Tooling or Not Tooling? The Impact of Tools on Language Agents for Chemistry Problem Solving

Botao Yu,Frazier N. Baker,Ziru Chen,Garrett Herb,Boyu Gou,Daniel Adu-Ampratwum,Xia Ning,Huan Sun
2024-11-12
Abstract:To enhance large language models (LLMs) for chemistry problem solving, several LLM-based agents augmented with tools have been proposed, such as ChemCrow and Coscientist. However, their evaluations are narrow in scope, leaving a large gap in understanding the benefits of tools across diverse chemistry tasks. To bridge this gap, we develop ChemAgent, an enhanced chemistry agent over ChemCrow, and conduct a comprehensive evaluation of its performance on both specialized chemistry tasks and general chemistry questions. Surprisingly, ChemAgent does not consistently outperform its base LLMs without tools. Our error analysis with a chemistry expert suggests that: For specialized chemistry tasks, such as synthesis prediction, we should augment agents with specialized tools; however, for general chemistry questions like those in exams, agents' ability to reason correctly with chemistry knowledge matters more, and tool augmentation does not always help.
Artificial Intelligence,Computational Engineering, Finance, and Science
What problem does this paper attempt to address?
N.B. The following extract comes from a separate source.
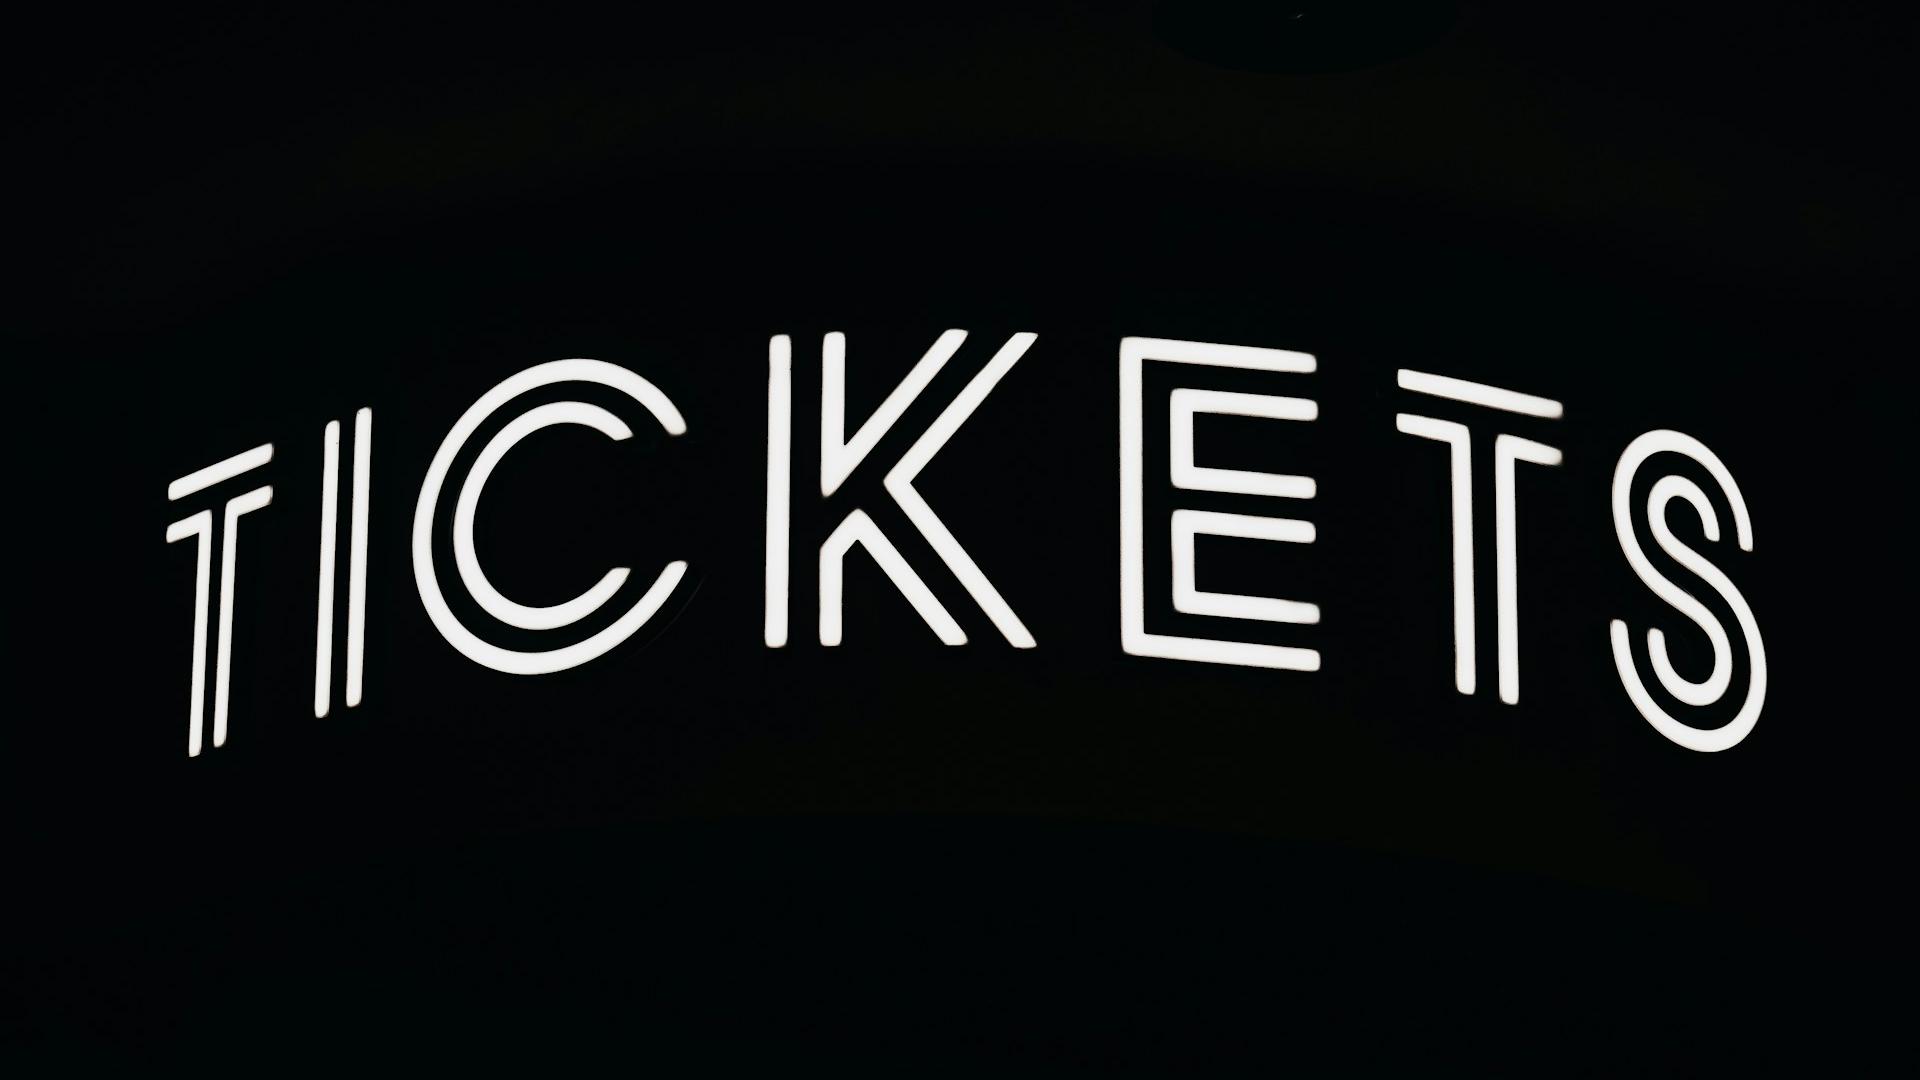 Tickets written in black background

The main problem that this paper attempts to solve is to evaluate the performance of tool - enhanced language model (LLM) agents in chemical problem - solving, especially whether these agents can always outperform the basic large - language models in different types of chemical tasks. Specifically: 1. **The problem of narrow evaluation scope**: Existing tool - enhanced agents such as ChemCrow and Coscientist have shown certain potential, but their evaluations are mainly concentrated on a few specific tasks, failing to fully understand the actual performance of these agents in diverse chemical tasks. 2. **Understanding the effect of tool enhancement**: The research aims to deeply explore the impact of tool enhancement on the large - language model's ability to solve chemical problems, especially the differences between specialized tasks (such as synthesis prediction) and general problems (such as exam questions). To answer these questions, the author developed ChemAgent, an improved version of the chemical agent, and comprehensively evaluated its performance on specialized chemical tasks and general chemical problems. The study found that: - For specialized tasks, such as those related to molecules and reaction centers, tool enhancement significantly improves performance. - For general problems, tool enhancement does not always lead to performance improvement and sometimes is even inferior to the basic large - language model. Through detailed error analysis, the study points out that when dealing with general problems, agents are prone to making minor errors in the reasoning process, which may be caused by the additional cognitive burden introduced by tool enhancement or the inconsistency between tool output and the internal knowledge of the model. In summary, the core objective of this paper is to reveal the advantages and limitations of tool - enhanced agents in different chemical tasks through systematic evaluation and error analysis, providing guidance for future research.